- Se contabilizan 62 crías de tortuga boba en Can Pere Antoni (Palma).
- El nido, detectado el 17 de julio, albergaba 77 huevos: 67 en incubación natural y 10 en Aula de la Mar.
- Tras el nacimiento, las crías pasan por el LIMIA y el programa de head starting durante 10-12 meses.
- Vigilancia 24/7 con voluntariado y COFIB; si se ven neonatos, hay que llamar al 112.

La playa de Can Pere Antoni, en Palma, ha sido escenario de un hito reproductivo con el alumbramiento de 62 crías de tortuga marina (Caretta caretta), un hecho que consolida la presencia de la especie en el archipiélago balear.
El proceso se ha desarrollado a lo largo de varios días: primero eclosionaron los huevos en incubación artificial y, poco después, comenzaron a emerger los neonatos del nido protegido en la arena, hasta alcanzar el conteo provisional de 62 ejemplares.
El nacimiento en Can Pere Antoni
El nido fue localizado el 17 de julio y se confirmó que contenía 77 huevos. De ellos, 67 quedaron protegidos en la misma playa para su incubación natural, mientras que 10 fueron trasladados al Aula de la Mar con el fin de maximizar su viabilidad mediante incubación controlada.
Pasadas unas semanas, se registró la eclosión de los huevos incubados en las instalaciones y, a continuación, se produjo la salida paulatina de neonatos desde el nido de Can Pere Antoni. Con estos eventos concatenados, el total de recién nacidos se sitúa en 62 tortugas, sin descartar alguna eclosión adicional pendiente de confirmación.
El dispositivo de vigilancia en la playa ha mantenido el nido en condiciones adecuadas, con medidas de protección para minimizar perturbaciones y favorecer la emergencia segura de las crías.
Desde el primer aviso, las administraciones implicadas han seguido el protocolo establecido para la especie, coordinando a personal técnico y voluntariado a pie de playa.
Protección y seguimiento científico

Todos los neonatos se trasladan al Laboratorio de Investigaciones Marinas y Acuicultura (LIMIA), en el Puerto de Andratx, donde el equipo especializado realiza su identificación, la toma de biometrías y una revisión completa del estado de salud.

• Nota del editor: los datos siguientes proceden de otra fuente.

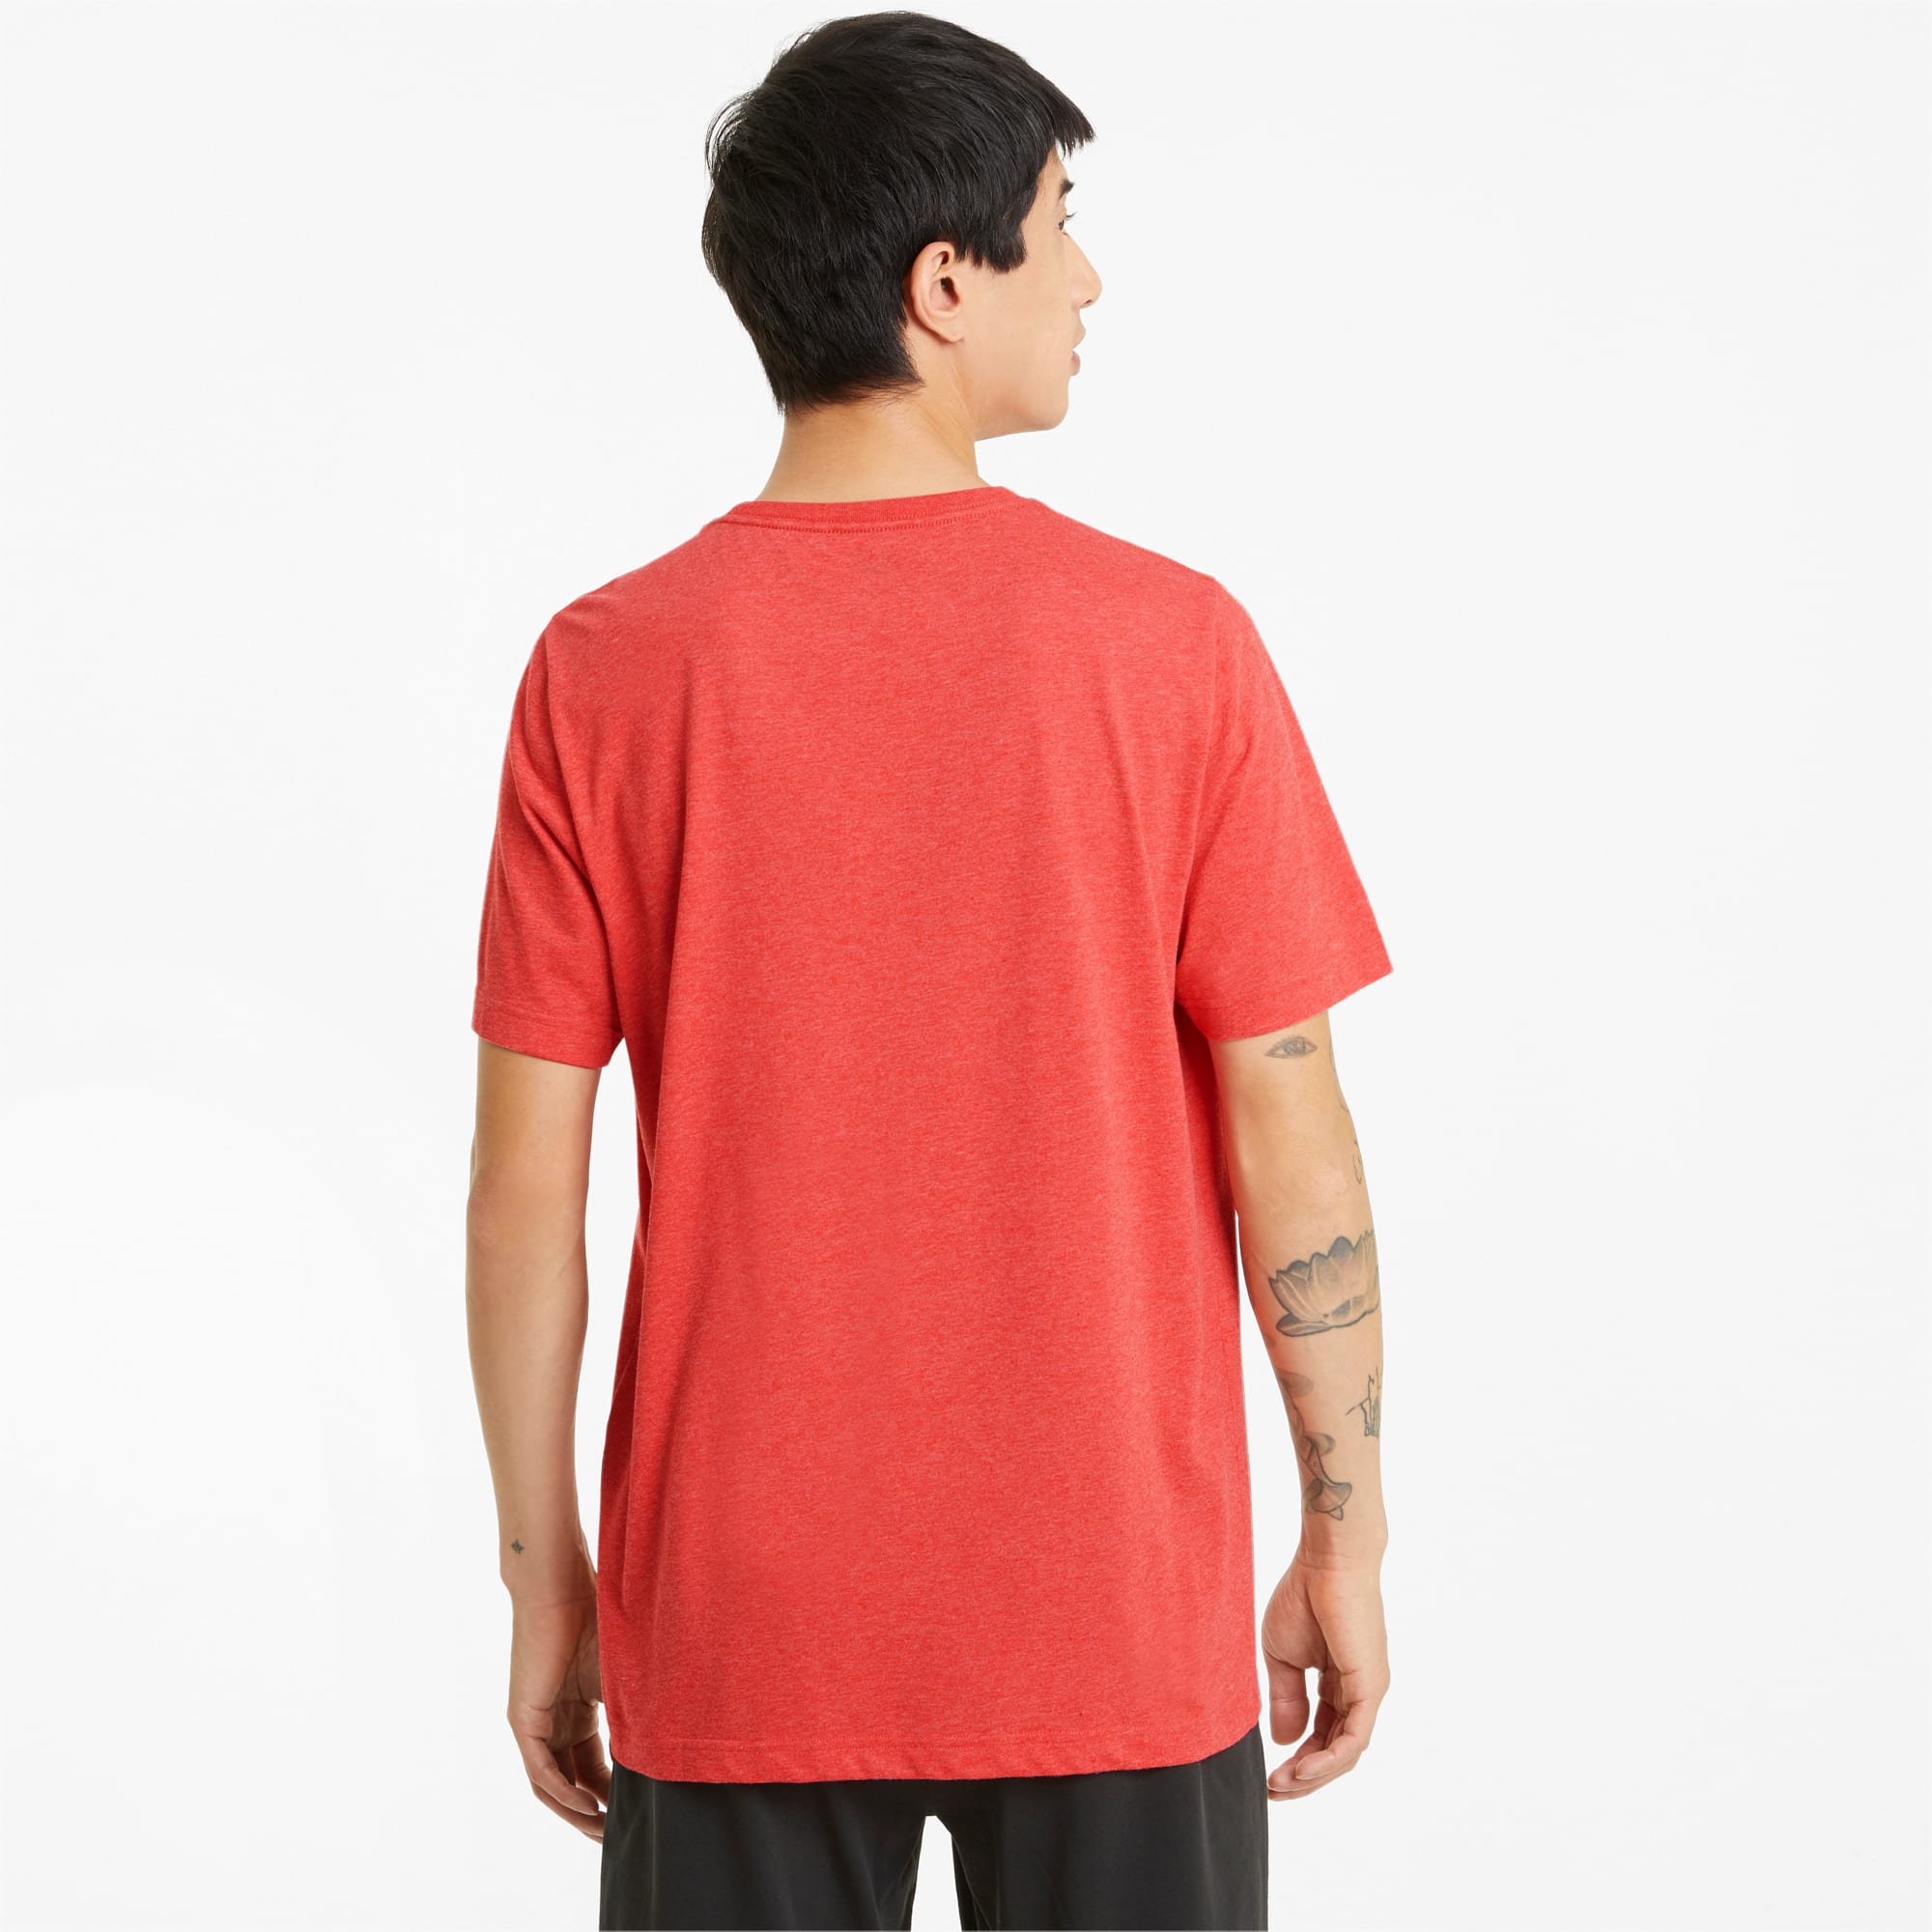 PUMA Essentials Heather Men's T-Shirt, High Risk Red, Size 5XL, Clothing

Después, se aplica el programa de head starting, integrado en la estrategia nacional de conservación: las crías se mantienen en condiciones controladas durante 10 a 12 meses para aumentar su probabilidad de supervivencia antes de la suelta al mar.
El COFIB coordina estas actuaciones con la Conselleria de Agricultura, Pesca y Medio Natural y entidades colaboradoras, garantizando que cada paso se ajusta a los protocolos vigentes para la tortuga boba.

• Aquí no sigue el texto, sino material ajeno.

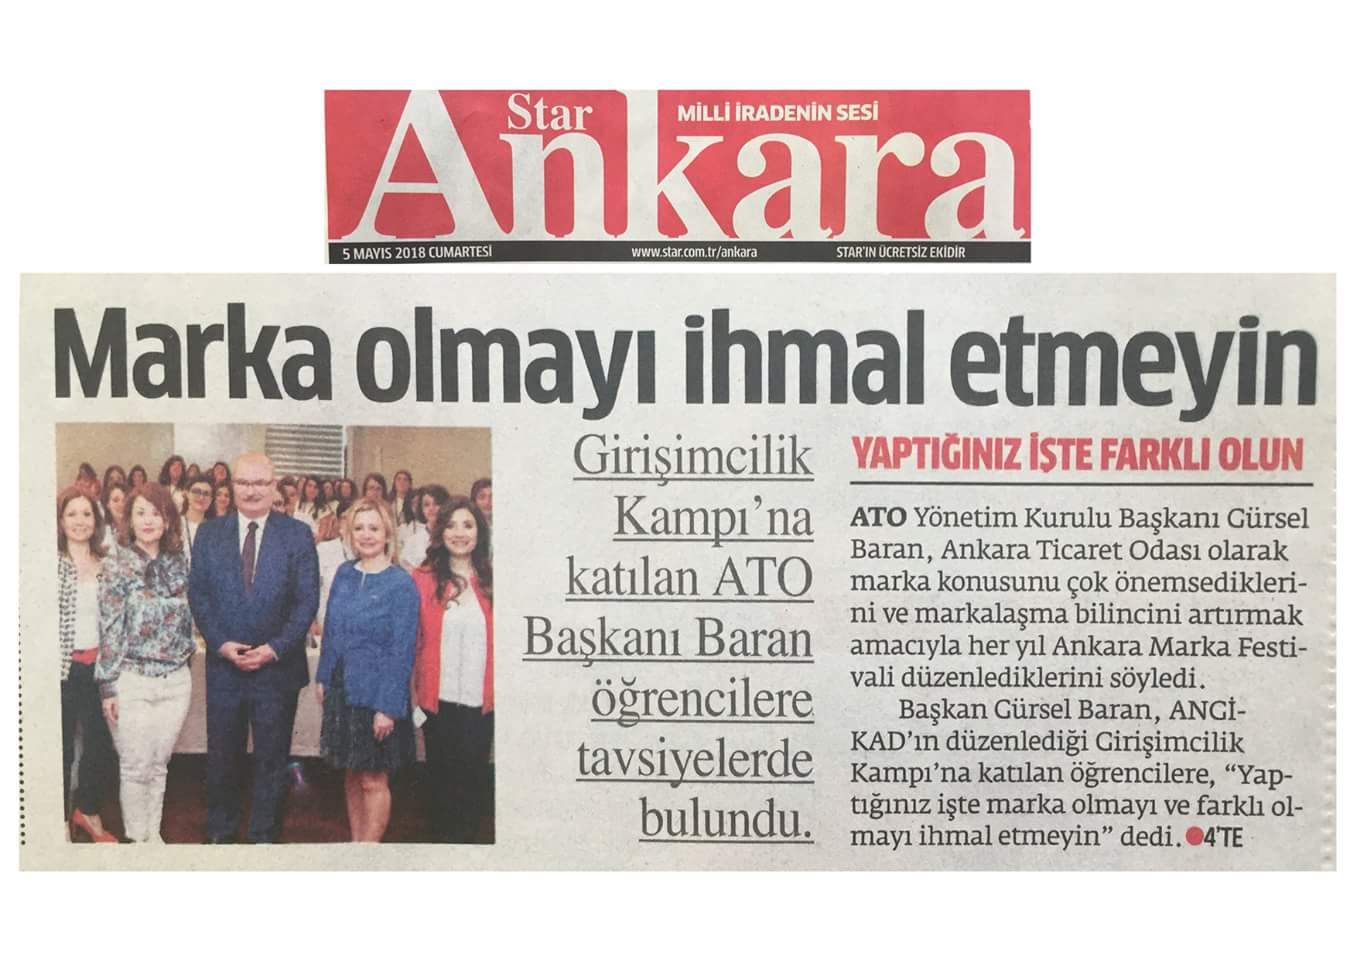 Star Ankara - Marka Olmayı İhmal Etmeyin

El objetivo es reforzar la supervivencia temprana, etapa en la que las crías son especialmente vulnerables y cualquier mejora en el manejo puede marcar la diferencia en su tasa de éxito.
Voluntariado, avisos y entidades implicadas

Desde el 27 de agosto, equipos de voluntarios han custodiado el nido las 24 horas del día, una vigilancia clave para mantener las condiciones del entorno y detectar al instante cualquier nacimiento.
En el operativo han participado, además del COFIB, efectivos del Govern, el Ayuntamiento de Palma, la Fundación Palma Aquarium, el servicio de socorrismo de la Playa de Palma y el Aula de la Mar, entre otras entidades.
La Dirección General de Medio Natural y Gestión Forestal recuerda que septiembre y octubre son los meses con mayor probabilidad de detectar neonatos. Ante cualquier hallazgo de crías o rastros en la arena, se debe avisar de inmediato al 112 para activar el protocolo y localizar el nido de origen.
En paralelo al caso de Palma, este verano también se ha confirmado un nido en con 85 huevos, un indicador de la creciente presencia de la especie en Baleares desde que se constató la primera nidificación en el archipiélago en 2019.
El balance de estos días en Can Pere Antoni evidencia que la combinación de ciencia, voluntariado y coordinación institucional es determinante para que más tortugas lleguen a la edad juvenil y regresen en el futuro a nuestras costas.